Biographical details
- Born: September 18, 1892 Correctionville, Iowa, U.S.
- Died: January 9, 1974 (aged 81) Iowa City, Iowa, U.S.

Playing career

Football
- 1915–1917: Iowa
- Position: Halfback

Coaching career (HC unless noted)

Football
- 1920: Kansas Wesleyan
- c. 1929: Washington University (backfield)
- c. 1937: Iowa (assistant)

Baseball
- 1943–1945: Iowa

Head coaching record
- Overall: 0–1–2 (college football) 15–15 (college baseball)

= J. Elwood Davis =

American football player and coach

John Elwood "Waddy" Davis (September 18, 1892 – January 9, 1974) was an American college football player and coach of college football and college baseball.

==Playing career==
Davis graduated from the University of Iowa in Iowa City.

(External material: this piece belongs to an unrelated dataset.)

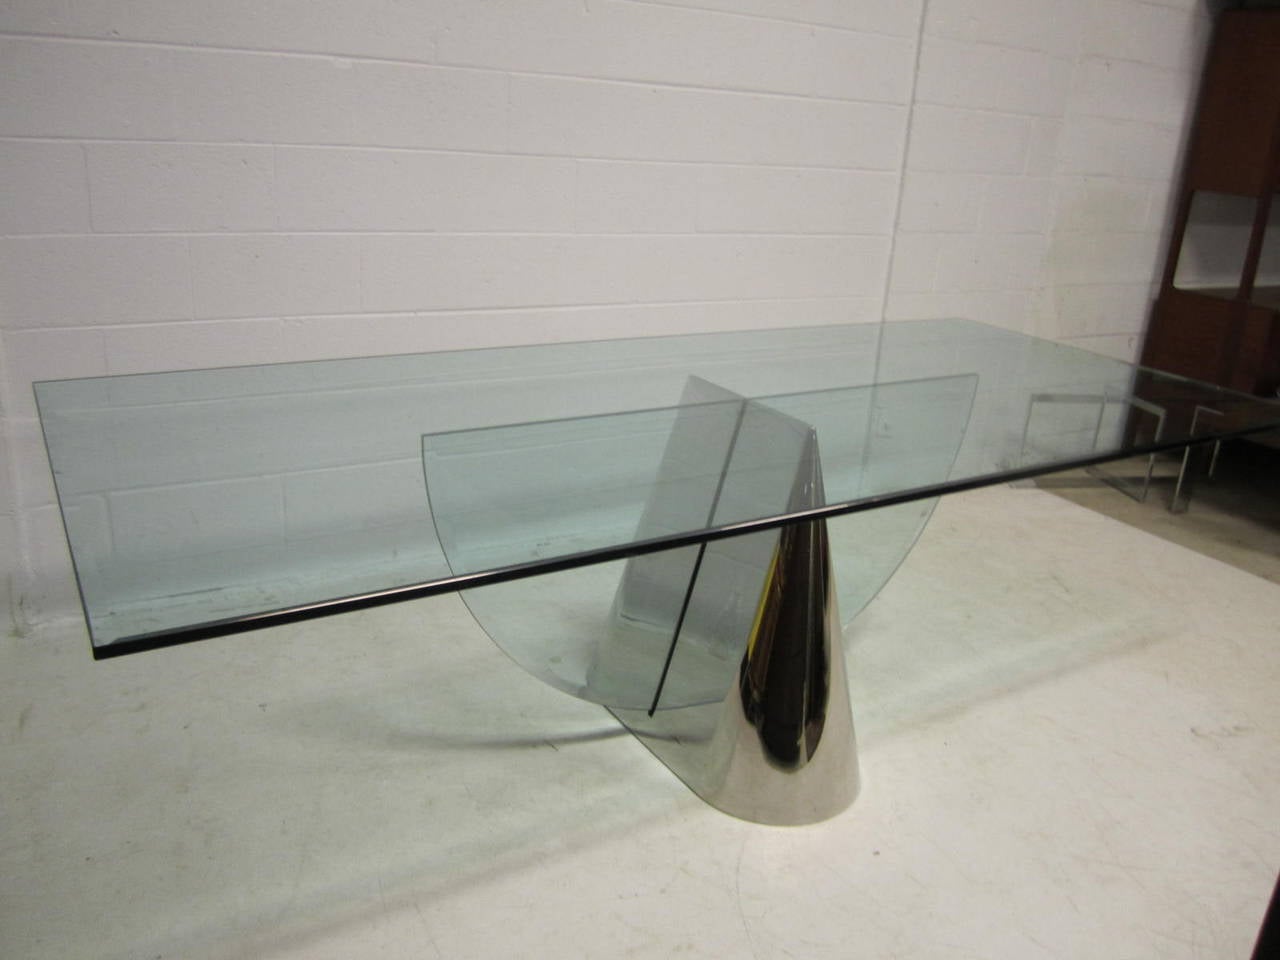 Lorsqu'il s'agit de design en verre chic et sophistiqué, cette table remporte la palme. Minimaliste, visuellement excitant et magnifiquement construit, c'est vraiment un design extraordinaire. Cette table Fine est en excellent état vintage. Acier
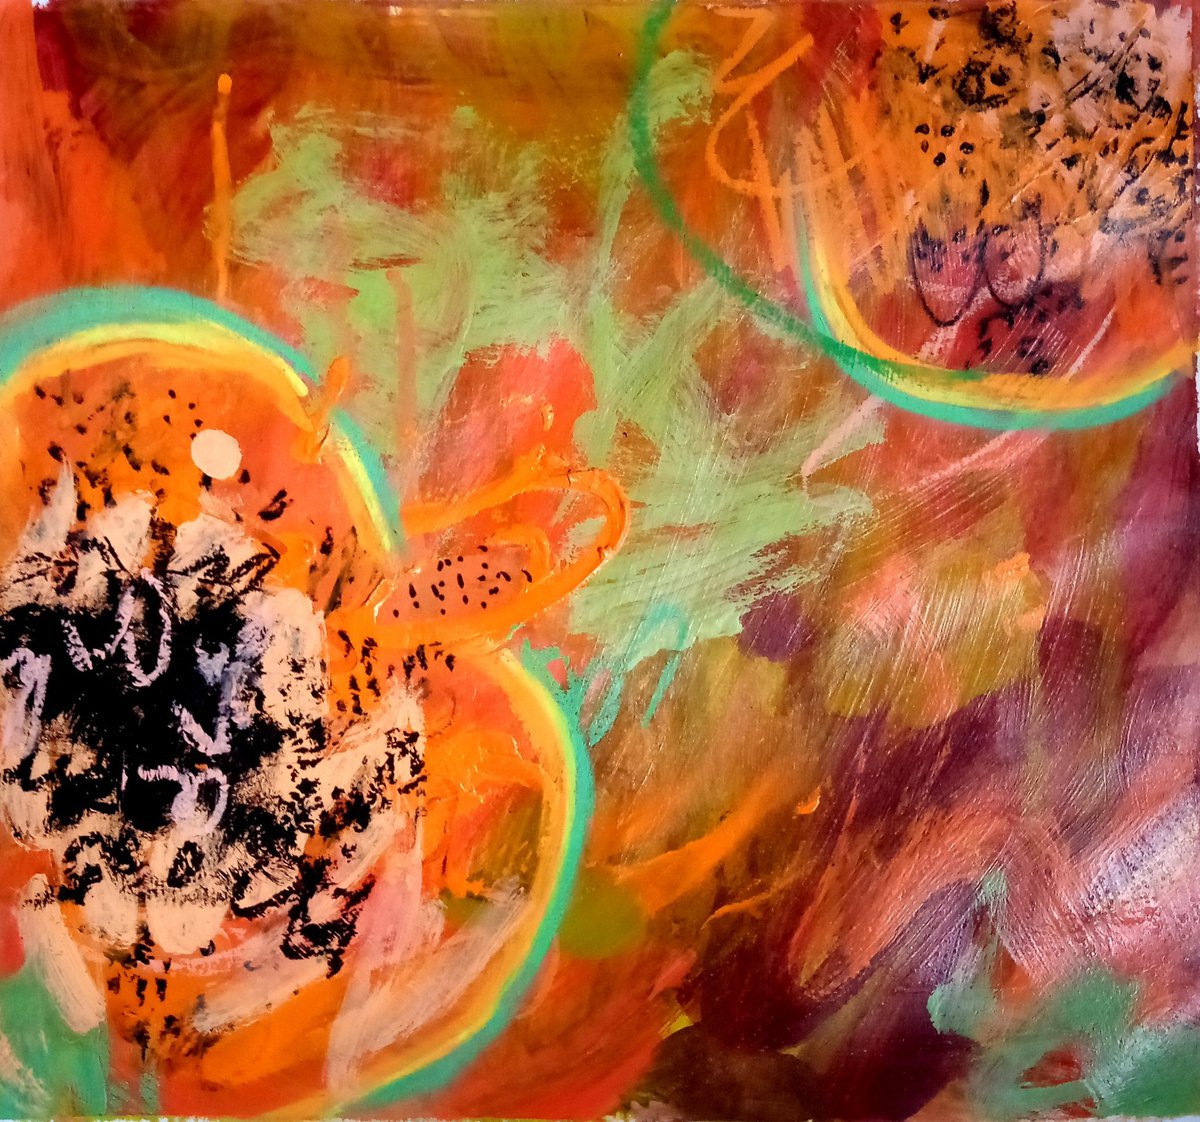 Abstract Papaya #1/2021 by Valerie Lazareva

He played football for the Iowa Hawkeyes and was captain of the football team.

==Coaching career==
===High school coaching===
Davis coached in the high school ranks in Iowa from 1917 to 1919.

===Kansas Wesleyan===
Davis was the eighth head football coach at Kansas Wesleyan University in Salina, Kansas, serving for one season, in 1920 and compiling a record of 0–1–2.

==Death==
David died on January 9, 1974, at a hospital in Iowa City, Iowa.